Problem description
Return every line below as is, leaving out the pictures.

Raw data
┄┄┄┄┄┄┄┄┄┄┄┄┄┄┄┄┄┄┄┄

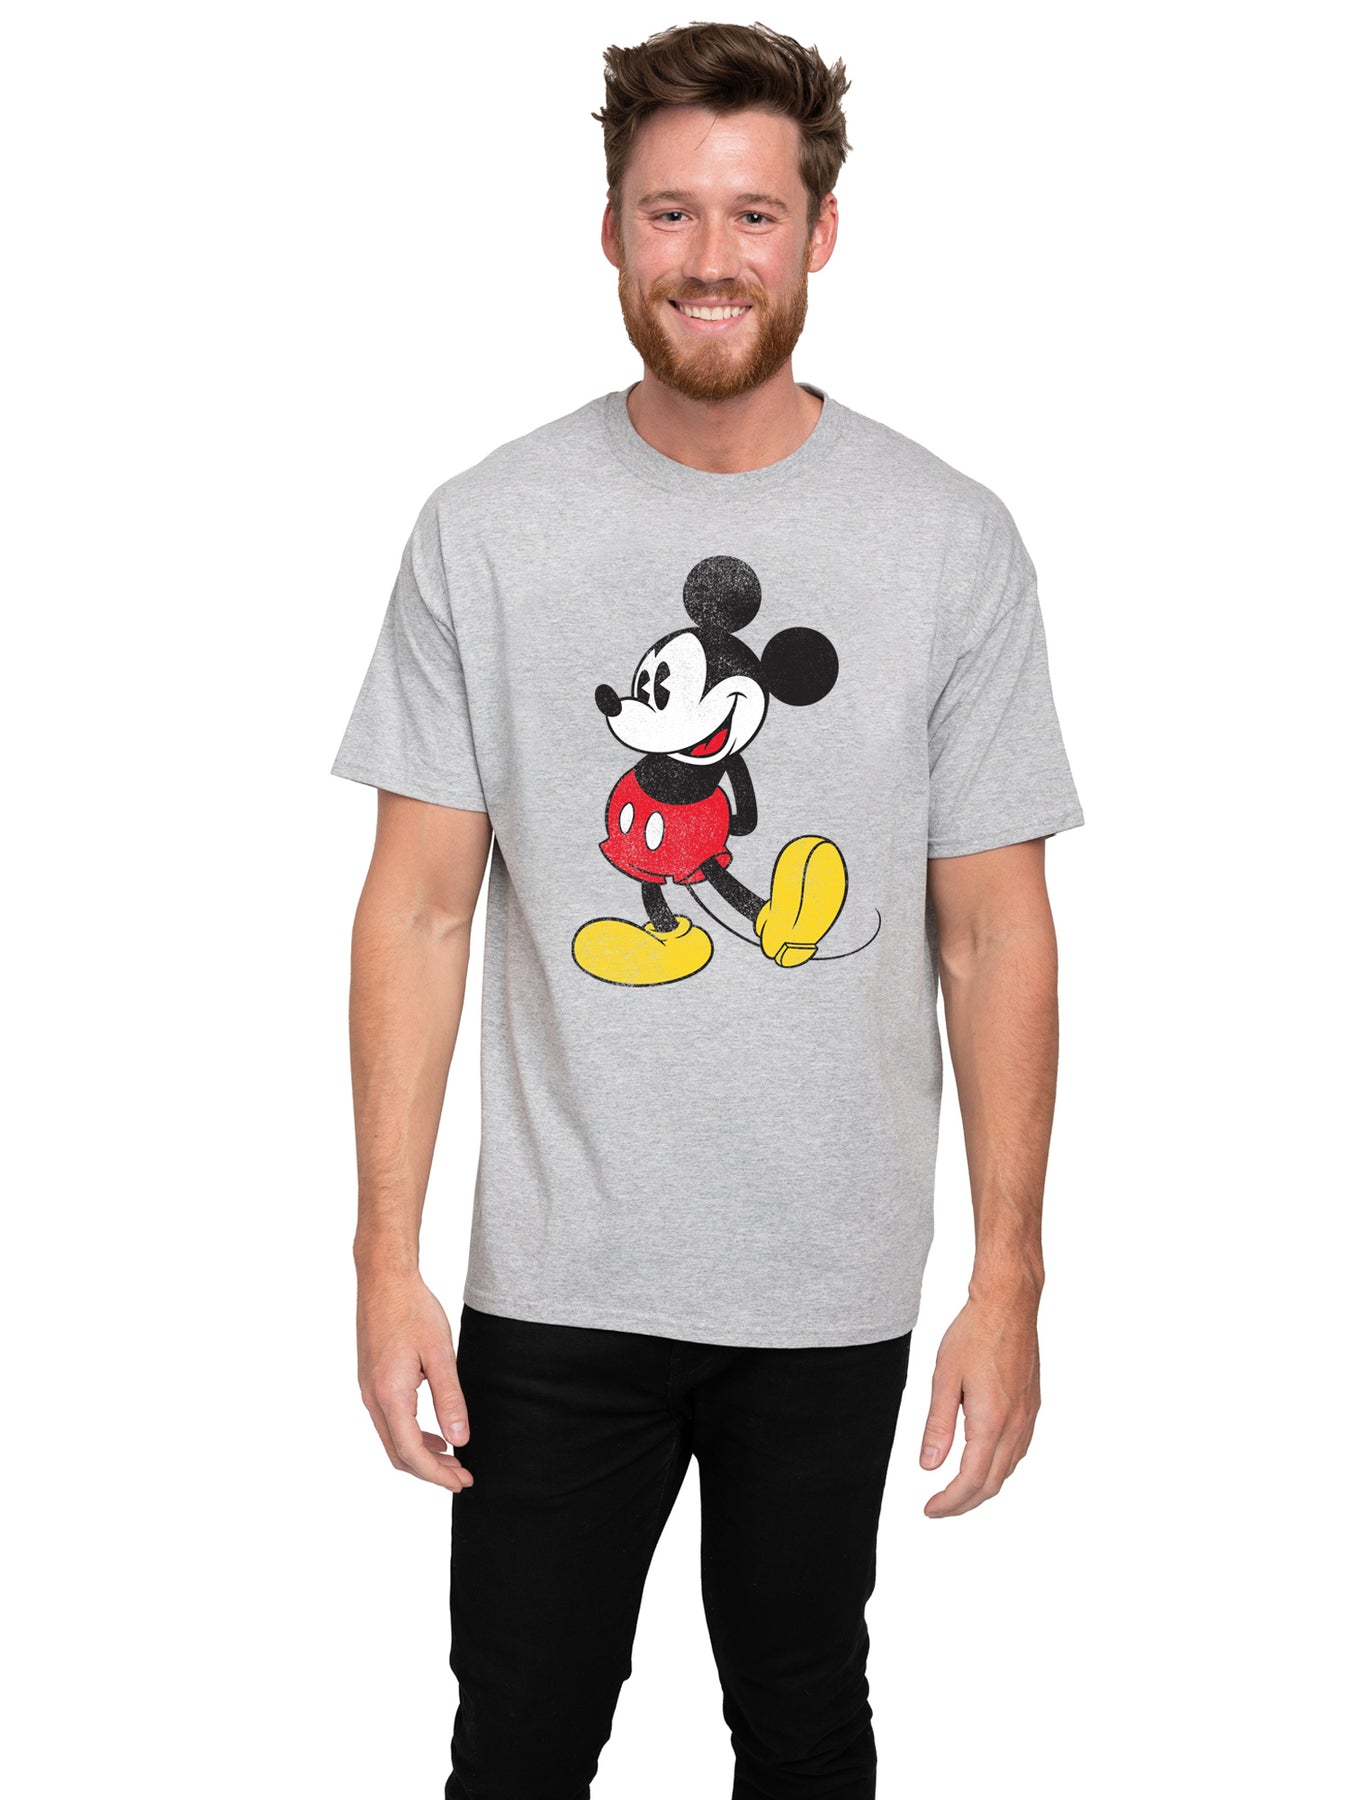 Women's Disney Vintage Toy Story Plus Size Short Sleeve T-Shirt
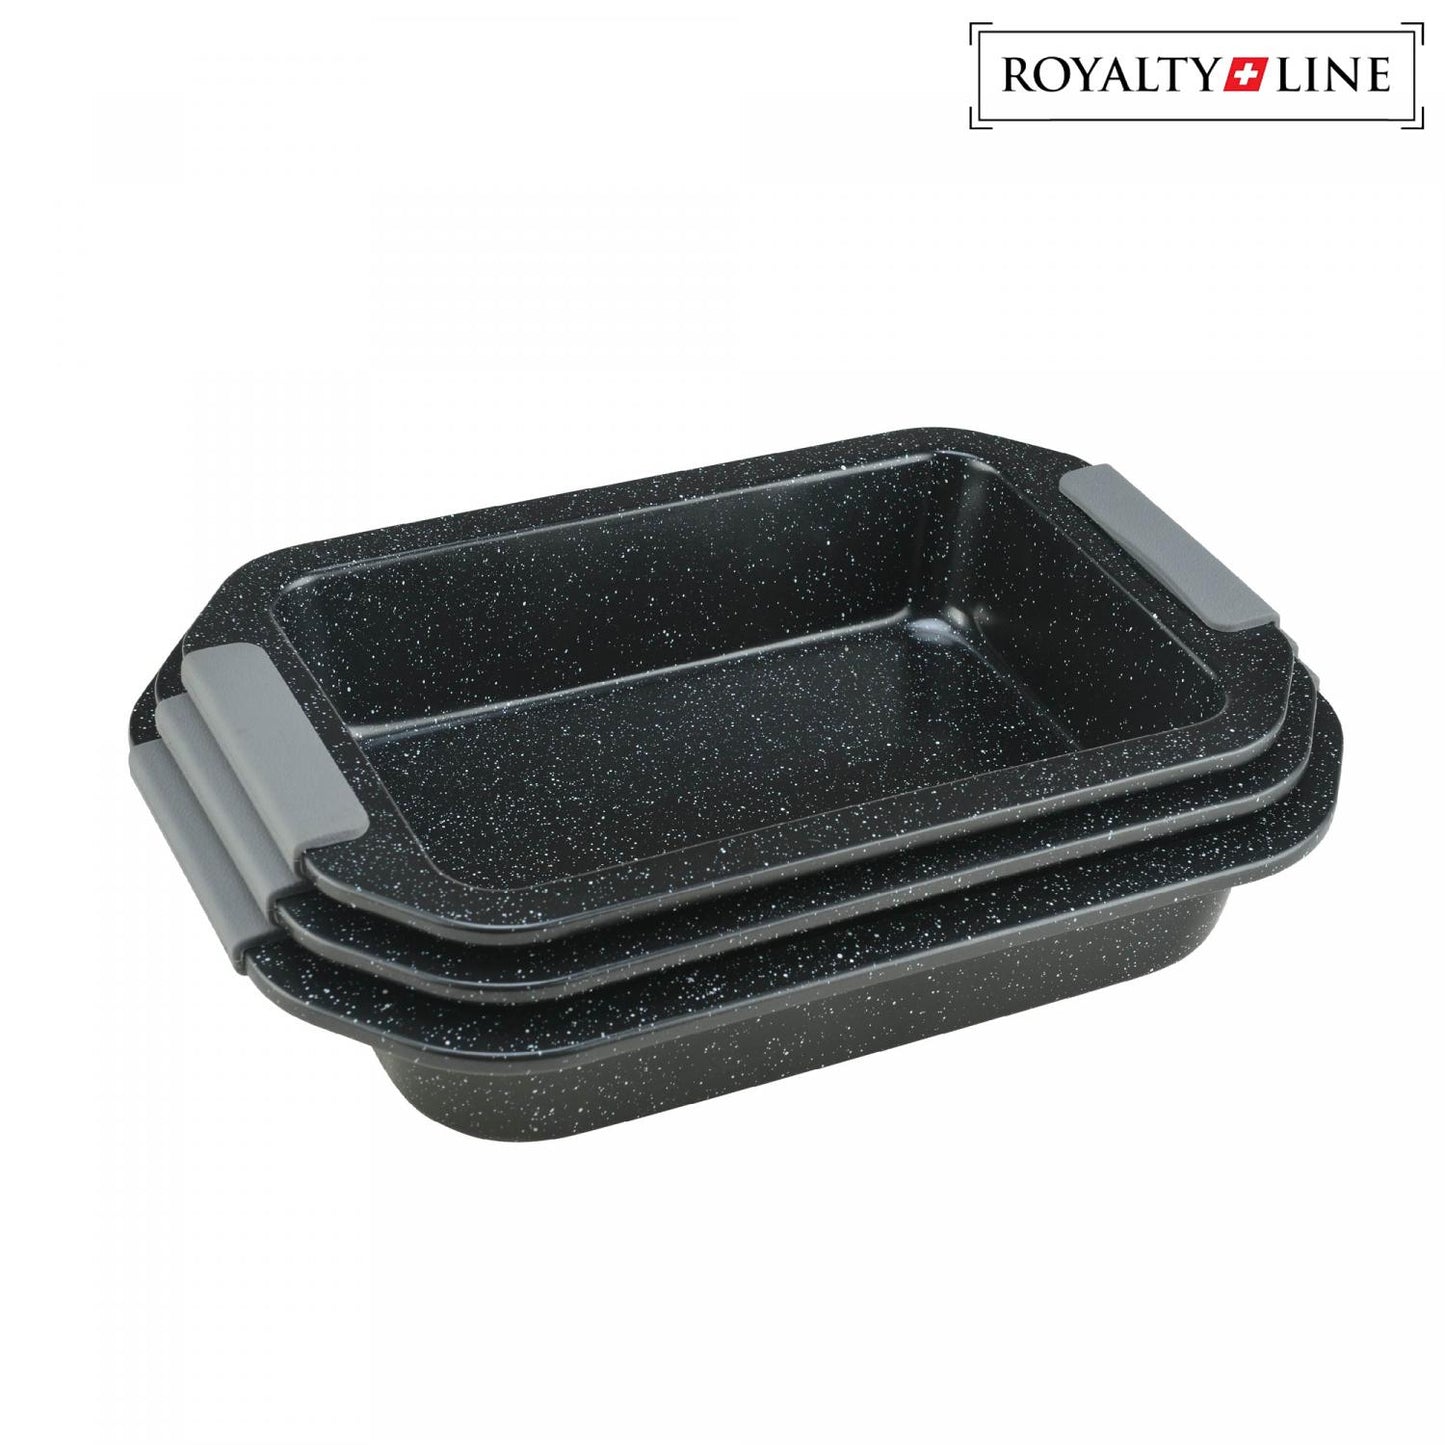 Royalty Line RL-CC3B: 3-Piece Marble Coating Baking Tray
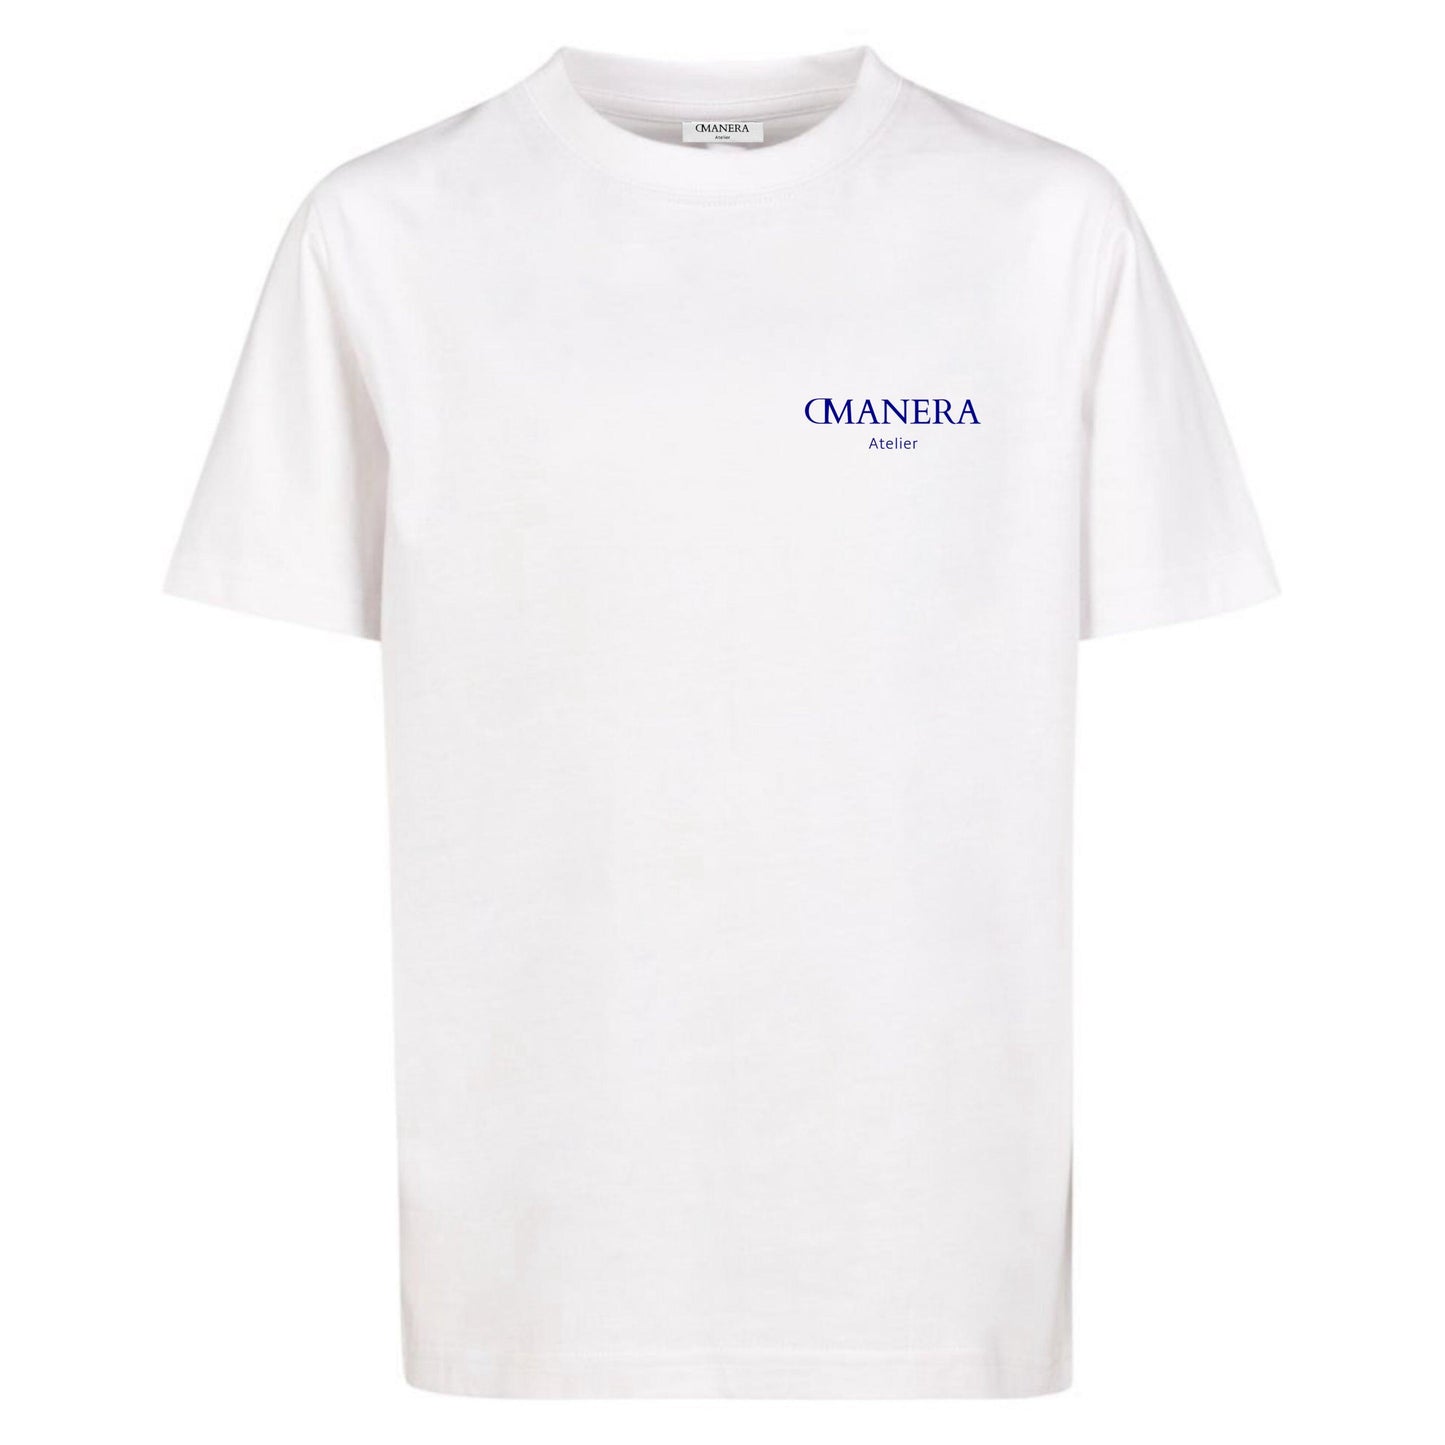 Oversize Shirt White/Navy 240 g/m² - DMANERA Atelier
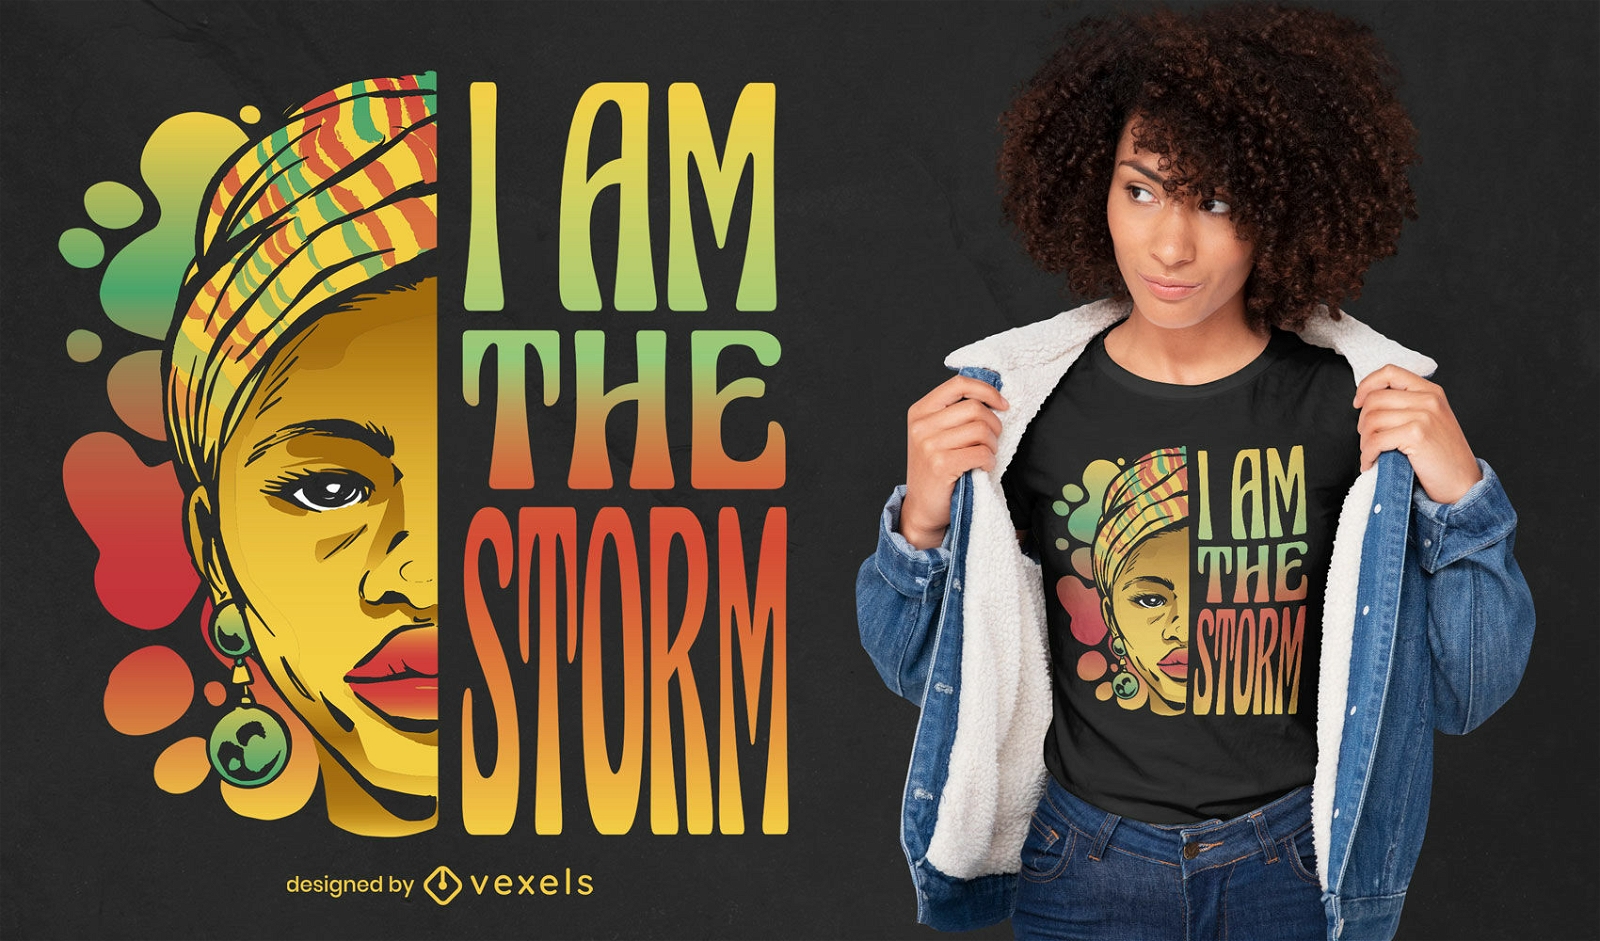 I am the storm Black History Month t-shirt design

┄┄┄┄┄┄┄┄┄┄┄┄┄┄┄┄┄┄┄┄

Output for this task
 Women's Disney Vintage Toy Story Plus Size Short Sleeve T-Shirt
 Royalty Line RL-CC3B: 3-Piece Marble Coating Baking Tray
 Oversize Shirt White/Navy 240 g/m² - DMANERA Atelier
 I am the storm Black History Month t-shirt design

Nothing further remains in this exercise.